Наш вагон пахнул на меня пригородной прокуренной электричкой, больше ничем. Тесное купе, стертый коврик-дорожка в коридоре, стеклянный график движения, титан с кипяченой водой. Поезд громыхал где-то на самых последних окраинах.

Это была меленькая северная станция. Домишки на ней светились крышами, как серебряной чешуей.

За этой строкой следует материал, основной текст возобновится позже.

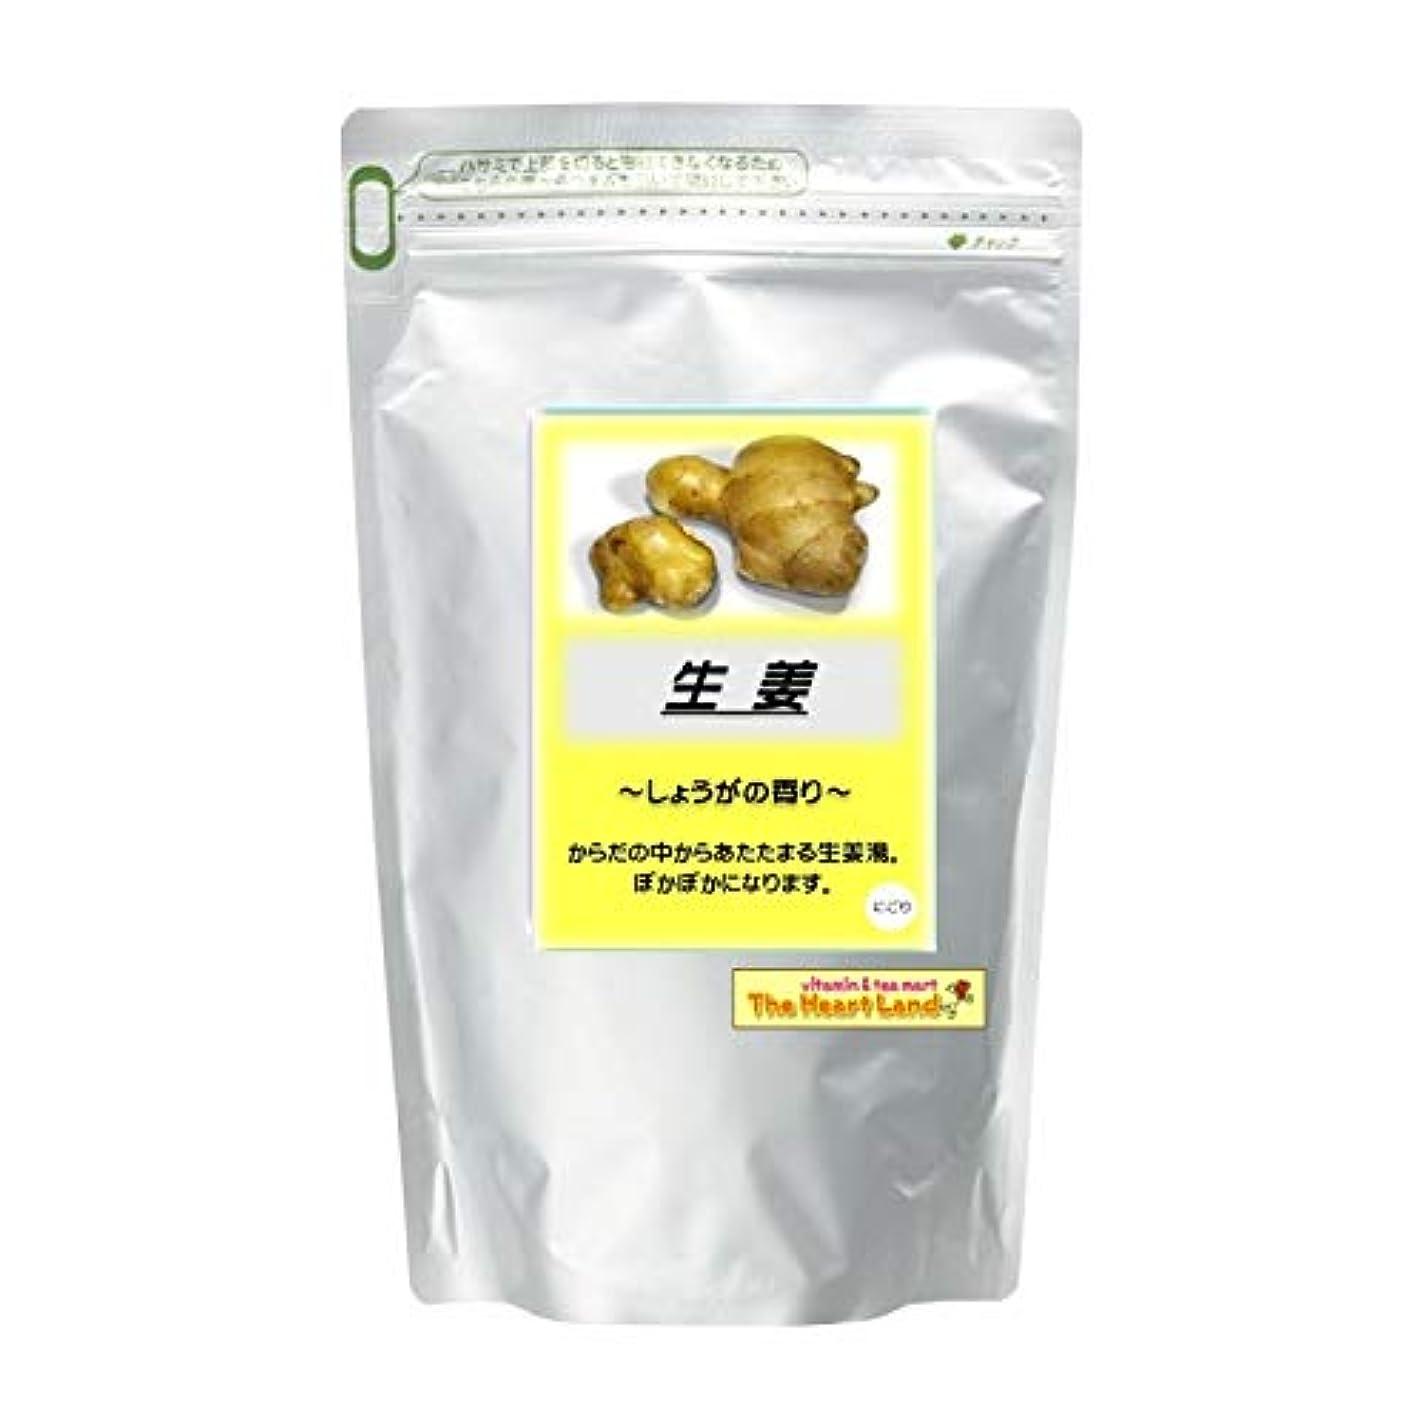 舗装するルー血まみれのアサヒ入浴剤 浴用入浴化粧品 生姜 2.5kg

Мы стояли около минуты. Он появился на земляном перроне с чемоданом, в забрызганном грязью пальто, небритый.

Мы узнали друг друга сразу. Я побежал к нему навстречу, он замахал рукой:

— Не спешите! Я проеду с вами две остановки. Надо мне…

Я взял у него чемоданчик.

— Ну что ж, будем знакомиться?

— Будем.

— Я — могилокопатель, — сказал он.

Молоденькая проводница прыснула.

— А я собиратель чудес.

Он просиял.

— Эта глина из могил? — спросил я.

— Какая? Ах, на ботинках… Нет, она станционная, кондовая. Бежал к поезду напрямик через веси и хляби.

— Тогда вам надо согреться. — Я подмигнул.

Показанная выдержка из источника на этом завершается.